|
Геннадий Русаков
Разговоры с богом
Геннадий Русаков
Разговоры с богом
1
Сухого снега ломкий хруст
и сверху свет неколебимый.
Прошёл в худой одёжке куст,
тот самый, маленький, любимый.
Творец, давай с тобой дружить
и заступаться друг за дружку.
На небе месяц сторожить
и сердце класть, как грошик, в кружку.
Давай любить, как любят нас
(вернее, господи, любили),
пусть не всегда и не сейчас —
тогда, когда мы лучше были.
2
Оборвались на крыше коты
и скатились, оря, по железу.
Здесь со мной даже куры на “ты”,
а уж эти-то головорезы...
Только я с ними сам не ору.
Я сижу и под лампой читаю.
Встану, книжку на шкаф уберу,
лягу спать и во сне полетаю.
Приземлюсь на какой-нибудь луг,
и, как будто бы из ниоткуда,
на мысочках пройдя полукруг,
встанет странная девочка Люда.
Вскинет бантом рублёвой красы,
скажет, воздух огладив рукою:
“Ох, я кошке постригла усы”...
Или что-то примерно такое.
Я кивну и заплачу во сне.
Ничего, это так, это мстится.
Это память приходит ко мне
и никак не умеет проститься.
3
Ты, бог простых вещей, зверей и птиц пернатых,
владыка вод и кущ, водитель муравьёв,
кому же, как не мне, бродить в твоих пенатах
и сравнивать нектар на качество ручьёв!
Ты позови меня, а я приду и буду —
на цыпочках, тишком: пусть херувимы спят.

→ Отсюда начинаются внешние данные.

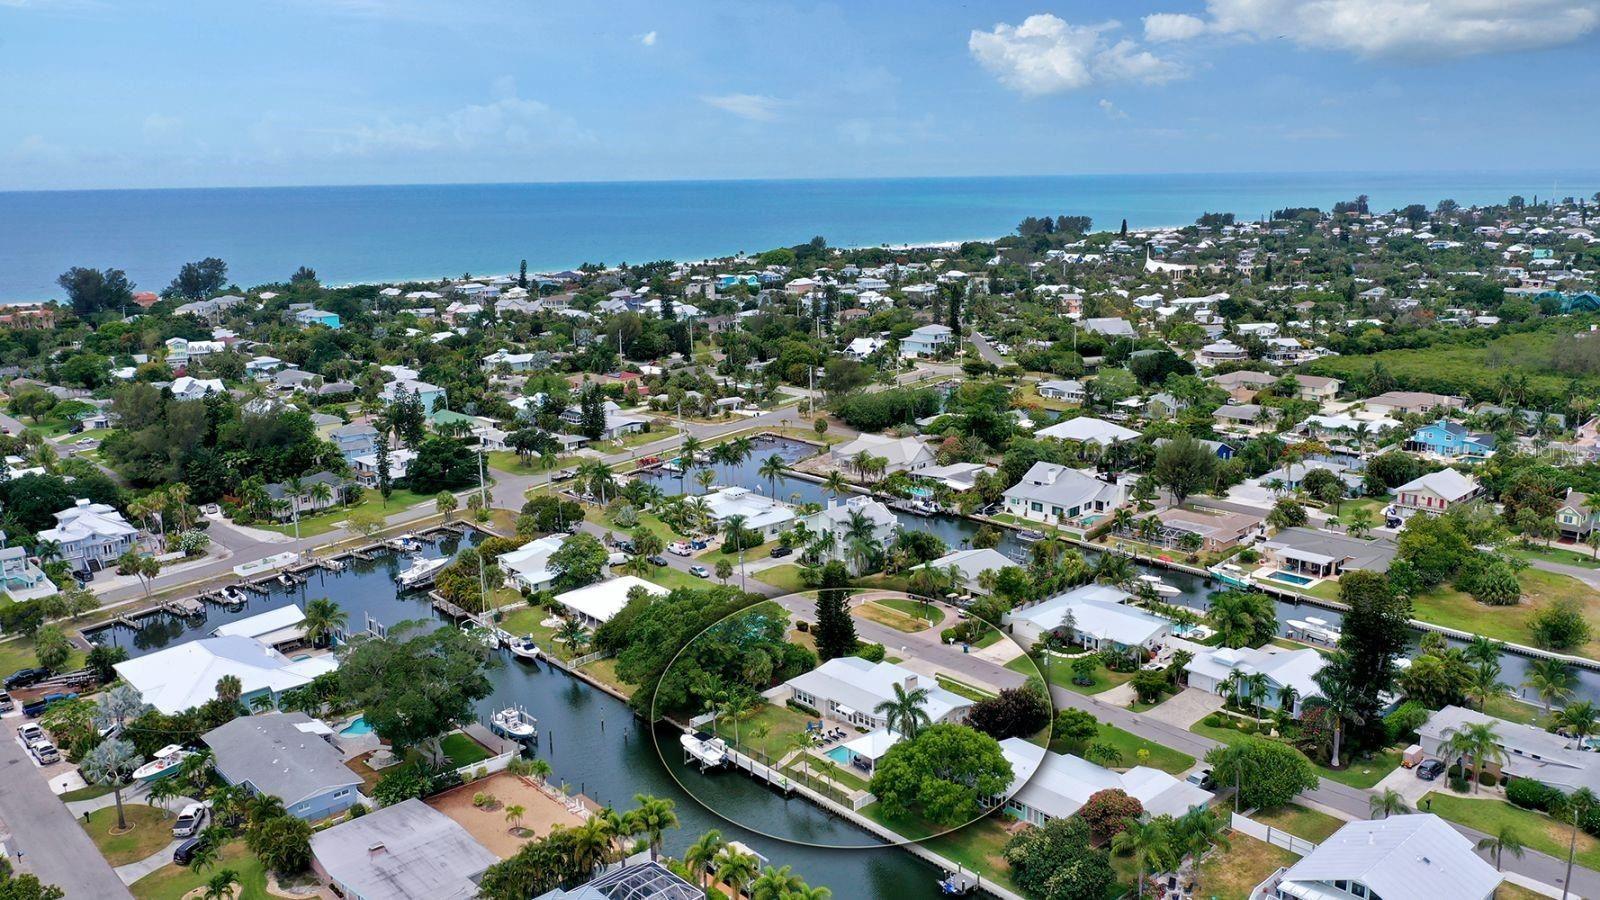 Photo of 507 74TH STREET, HOLMES BEACH, FL 34217 (MLS # A4511183)

Вон двое невзначай крылом задели Люду,
похожие во сне, с затылка, на опят.
Вон стая голубей куда-то пролетела.
Архангел прошуршал, оставив в небе след:
пространство бережёт перемещенья тела
и помнит, кто где был, кого там больше нет.
Хозяин сизых трав, бегущих нашим лугом,
полёвок и кротов, что тихо роют тьму!
Возьми меня к себе пускай не по заслугам,
а просто за любовь к творенью твоему.
4
Колошматит дождь по крыше,
щёлк и выпляс в лопухах.
Зачастил — и тише, тише,
будто замер впопыхах.
Сколько жизней это длится?
Сколько будет после нас?
Щёлк и пляс, вода на лицах,
до краёв налитый таз.
И грома, и сад счастливый.
И в дому почти темно.
И опять твердеют сливы,
ударяясь об окно.
5
Стали ночи прохладны, и плохо растут огурцы.
И земля под ногами гудит, как сухая фанера.
И высоко-высоко, уйдя головой под венцы,
зацветает навстречу моя молодая Венера.
Эх, какие нам годы, о чём нам, ей-богу, жалеть!
Ни сумы, ни тюрьмы, только позднее лето и зренье.
Только тыквы буреют, да колется жухлая плеть.
Только глина скрипит, оседая под грузом творенья.
Отшумели два Спаса, и снова просторно вокруг.
Даже осы ушли и закрыли свои пирамидки.
И небесные пряхи движеньем натруженных рук
протянули над садом почти бестелесные нитки.
Это трезвое время, и ветры стоят за углом.
Помолчим, постареем. Хотя — ну какие нам годы...
Вон на ближнем карьере блестит на закате излом
то ли нашей судьбы, то ли крупноотвальной породы.
6
Ещё судьба моя — комок косматой пряжи,
и милая жива, и ветер гасит сны.
Но сухи пальцы мойр, и всё ровней и глаже
текучее руно рабочей тоньшины.
(Я путаюсь, творец, в античном реквизите.
У нас совсем не так — попроще и без прях.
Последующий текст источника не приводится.